The dimension a determines how strongly the elastic elements are elastically bent in the slot 3, and how large the movement at the shaver housing 1 is with each stroke. In order to achieve an optimal engagement of the elastic elements 5, 6 on the profile walls 12, the dimensions of the elastic elements are to be matched to the width of the slot 3 and to the profile surface on the walls 12.

Claims

1. An electrically operated shaving apparatus (25) for cutting hairs, having a drive part (4) that can be driven in a back-and-forth movement (Z) by an electric motor, having at least one cutting system (28, 32) and simultaneously displacing a cutting system (28) relative to the shaver housing via a deflection device (2), into an extended or retracted position, characterized in that the deflecting device (2) is made up of at least one elastic element (5, 6) that is fixedly connected to the drive part (4), and in that for the displacement of the cutting system (28) the elastic element (5, 6) is elastically bent and pre-tensioned in the direction of displacement between at least one wall (12, 19) that runs on the cutting system (28) and the drive part (4), and in that at the contact point (39) between the elastic element (5, 6) and the wall (12), means (14, 16) are fashioned by which the displacement path (b or e) that arises during the outward movement of the drive part (4) is partly deflected by the elastic element (5, 6) onto the shaver housing (1), and moves this housing in the direction of displacement (X or Y), while during the movement away of the drive part (4), the contact point (39) of the elastic element (5 or, respectively, 6) makes only sliding contact with the associated wall (12).

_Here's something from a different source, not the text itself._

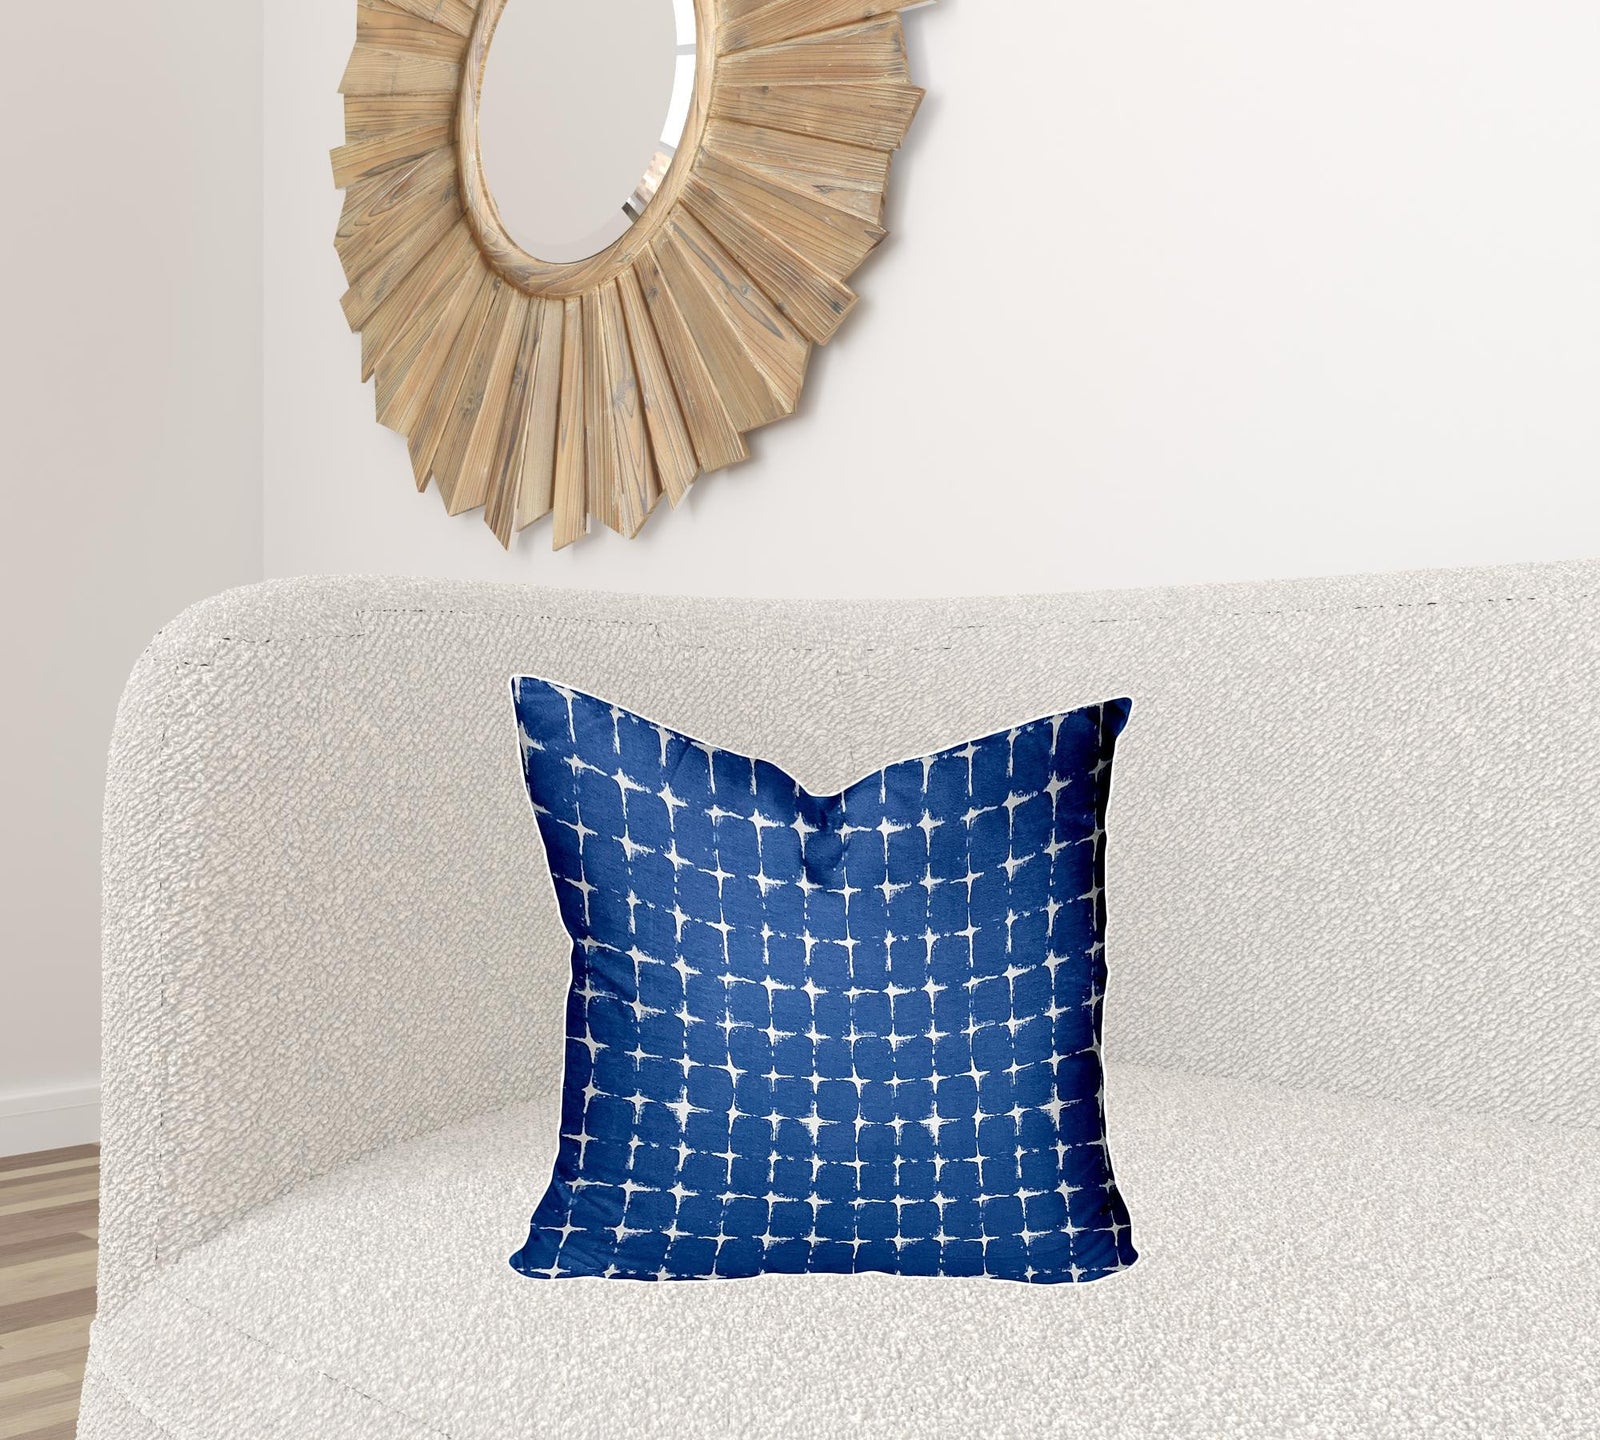 20" X 20" Blue And White Zippered Gingham Throw Indoor Outdoor Pillow Cover

2. The shaving apparatus according to claim 1, characterized in that at the end of the wall (12, 19) an expansion (11, 15) is designed that corresponds to the initial position or the end position of the shaver housing (1).

3. The shaving apparatus according to claim 1, characterized in that the means are made up of a toothing (14) that runs on the surface of the wall (12, 19) over its length, into which the corners (16) designed on the free end (10, 21) of the elastic element (5, 6) engage.

4. The shaving apparatus according to claim 1, characterized in that the means are made up both of a micro-toothing designed on the surface of the wall (12, 19), and a micro-toothing designed on the free end (10, 21) of the elastic element (5, 6).

5. The shaving apparatus according to claim 1 or 2, characterized in that the wall (12, 19) runs parallel to the direction of displacement (X, Y) of the shaver housing (1).

6. The shaving apparatus according to claim 1 or 2, characterized in that the wall (12, 19) runs perpendicular to the back-and-forth movement (Z) of the drive part (4).

7. The shaving apparatus according to claim 1, characterized in that the elastic element (5, 6) is longer by the dimension a then is the dimension B or F from the center line (9) to the wall (12, 19).

8. The shaving apparatus according to claim 1, characterized in that the elastic element (5, 6) is a plate made of metal.

9. The shaving apparatus according to claim 1, characterized in that the elastic element (5, 6) is made of plastic.

10. The shaving apparatus according to claim 1, characterized in that an elastic element (5, 6) is fastened to the drive part (4) on both sides, and in that a respective wall (12, 19) is fashioned on each side of the shaver housing (1), and that the means are used on both sides.

11. The shaving apparatus according to claim 10, characterized in that the walls (12, 19) enclose a slot (3), and that the drive part (4) runs centrally to the slot (3).

12. The shaving apparatus according to claim 1, characterized in that the cutting system is a short-hair cutter and/or long-hair cutter that can be extended from the shaver housing or retracted into the shaver housing.